Few Foreign Takeovers in U.S. Are Hostile, GAO Says
Friendly acquisitions of U.S. companies by foreign investors are on the rise, but hostile takeovers by foreigners are still rare, a congressional report says.
The General Accounting Office, the investigative and auditing agency of Congress, said foreign acquisitions as a share of all takeovers have increased from 6% in 1984 to 9% last year to 13% in the first half of this year.
However, of the 1,281 foreign takeovers during the 4 1/2-year period, only 17 were hostile, or resisted by the target company’s board, the GAO said in a letter to Rep. Byron L. Dorgan (D-N.D.)
Dorgan, a member of the tax-writing House Ways and Means Committee who has proposed tax measures designed to curb hostile takeovers, said in an interview Monday that he is concerned by both the increase in hostile mergers generally and by increasing foreign investment in the United States.
The steady rise until last year of the U.S. trade deficit has put more dollars in the hands of foreigners, who have in turn spent them on investments in the United States.
Much of the foreign investment has been in real estate and government securities, but Dorgan said the GAO’s figures indicate that foreigners also are buying up U.S. corporations.

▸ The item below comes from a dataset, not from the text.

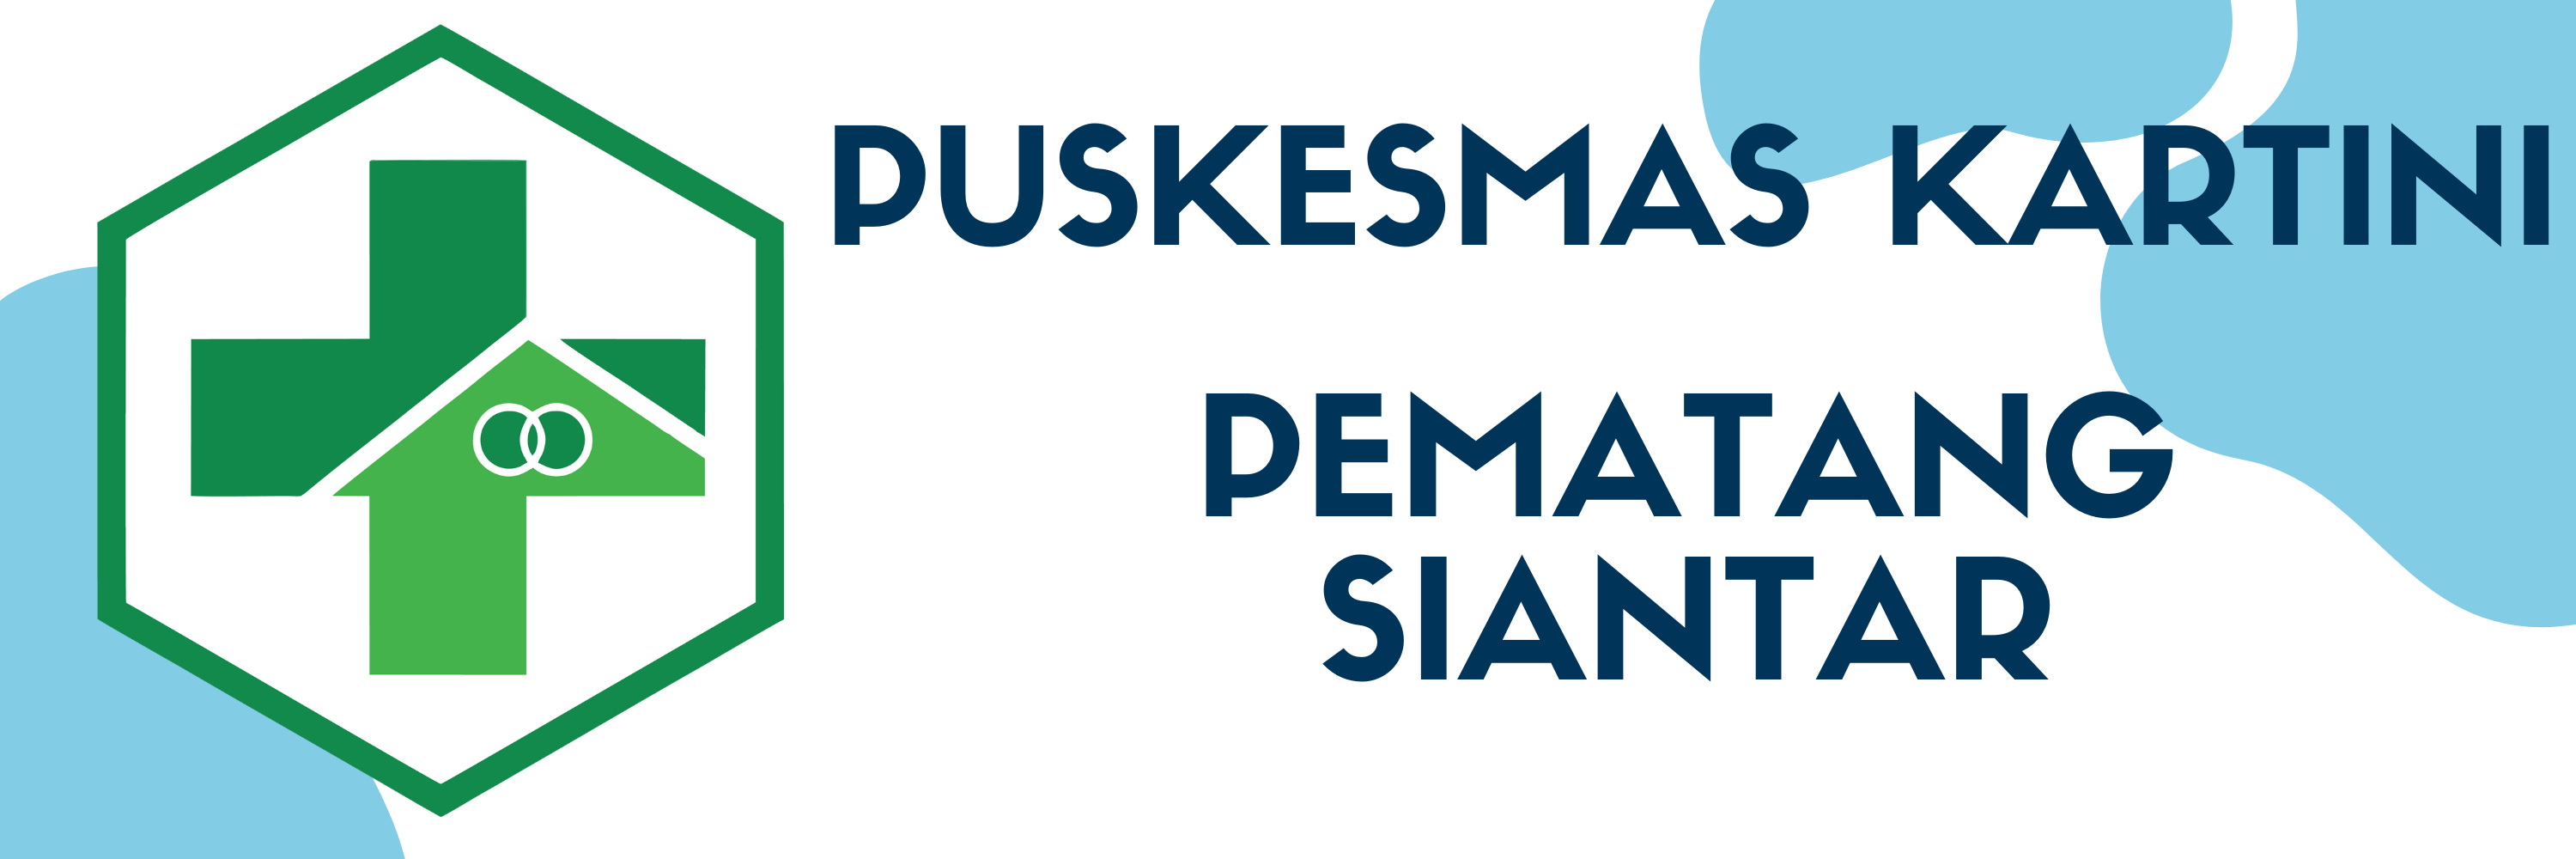 Logo for Website Puskesmas Kartini Pematang Siantar

“I think that raises some general policy questions that Congress has to address. . . . If you have broad foreign ownership of American assets, the question is, Who are Americans working for? Where is the income stream from those assets directed?” Dorgan said.
Other economic observers, among them Federal Reserve Board Chairman Alan Greenspan, say foreign investment can be seen as a vote of confidence in the strength of the U.S. economy. They point out that foreign investment in American firms creates jobs for U.S. citizens.
Between 1984 and mid-1988, there were 25 attempted hostile takeovers by foreigners, and 17 of them were successful. That compares to a total of 77 hostile takeovers out of 191 attempts.
Dorgan said the relative success rates--68% for foreign hostile bids, compared to 40% for contested bids generally--indicate that foreign tax laws or some difference in regulation may give foreign bidders an advantage over U.S. bidders.
British firms accounted for eight of the 17 foreign unfriendly mergers. Three were by Canadian companies, two by French firms and one each by Dutch, Japanese, Swedish and Swiss investors.